12 Old Words for the Huge, Mammoth, and Gargantuan
When something—say, a canyon or mistake—is truly enormous, the same old small time words like colossal and massive don’t always get the job done. Fortunately, there are plenty of older, rarer words for the gargantuan and elephantine just waiting to make your vocabulary immensive. Use these words the next time you see something hugy.
1. UNMEET
As far back as Old English, unmeet has been a word for the immense. This played off a sense of meet meaning the Goldilocks size: just right and proper, or at least not freakishly big or small. Unless you’re a basketball player, 7-foot-tall is an unmeet height.
2. HIDEOUS
These days, hideous is only a word for the ugly, defined by the OED with words like “Frightful, dreadful, terrible, horrible.” But hideous has also been a word associated with size since the early 1300s, which makes sense, since nothing is as frightful, dreadful, terrible, and horrible as a giant monster. Poet Edmund Spenser used the term in this sense back in 1596: “Of stature huge and hideous he was, Like to a Giant for his monstrous hight.” The size-centric meaning is even clearer in an example from Jedidiah Morse’s 1796 book The American Universal Geography: “The great precipice below, which hangs over the sea, is so hideous.” With this meaning in play, even the Grand Canyon is hideous.

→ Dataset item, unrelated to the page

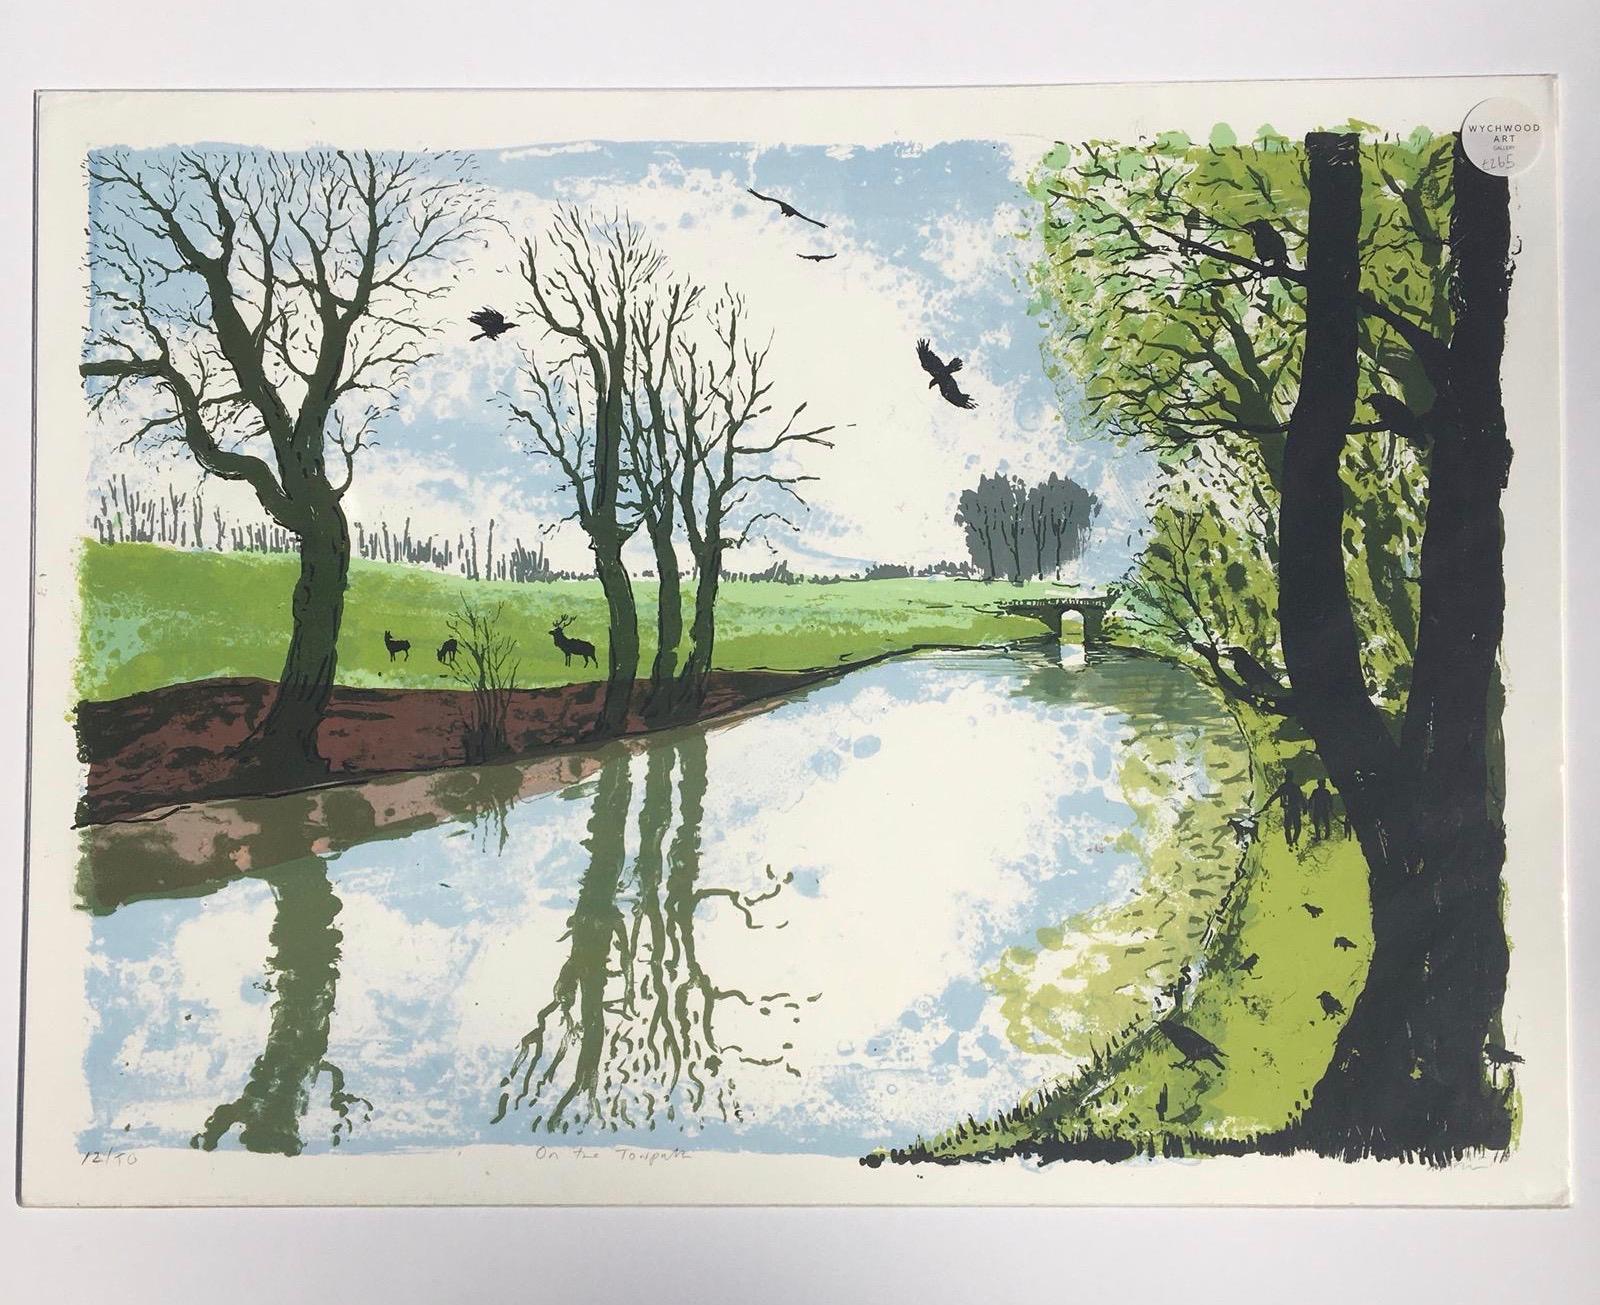 Tim Southall – A quiet, reflective image of a forgotten time. This 10 colour silkscreen is printed on Somerset Velvet, a heavyweight 300 gram handmade paper from St Cuthbert’s Mill in Somerset. The print is in a limited edition of 50.
Tim Southall

3. AND 4. HUGY AND HUGEOUS
The -y suffix was surprisingly productive back in days of yore, and it still is today, when you can’t even find yore on the internet. Here and there since the 1400s, the handy -y suffix could be found modifying huge. In 1728’s The Comedy of the Provok'd Husband; Or A Journey to London by Sir John Vanbrugh & C. Cibber, the odd phrase “hugey business” appears. Since the 1500s, another redundancy has been hugeous.
5. BROBDINGNAG
In Gulliver’s Travels, this was the name of a country where King Kong would feel at home, maybe not in terms of being a gorilla, but because everything was gigantic. This literary use led to the noun becoming an adjective, as shown in OED examples mentioning “Brobdingnag beehives” and “Brobdingnag genius.” Presumably, the latter would be smart enough to avoid the former.
6. HONKING
Green’s Dictionary of Slang (GDoS) traces honking back at least to the late 1980s, where it seems to have been part of college slang, turning up in references to “a honking textbook” from 1989 and a “honkin’ amount of homework” from 1992. The OED has an older example, but it feels like more of an intensifier (and euphemism for the f-word) than a size-related word. Here’s the usage from the Salisbury Times in 1943: “Great honking hornets, you creep, why don't you..get hep to the fact there's bloodshed going on!”
7. MASTEROUS
The always terrific Dictionary of Regional English (DARE) records this term for the massive and unwieldy with examples from the early 1900s of “a mastrous large school for this district” and a “masterous price.” Godzilla, you could say, was a masterous lizard.
8. DIMENSIONLESS
This is a contronym. Dimensionless has, at times, referred to stuff so tiny that it’s impossible to measure. But it’s also referred to things so hugy that they’re also impossible to measure. An 1813 use in New Monthly Magazine makes the mega meaning clear: “Here, in these almost dimensionless regions, nature is seen on a large scale.”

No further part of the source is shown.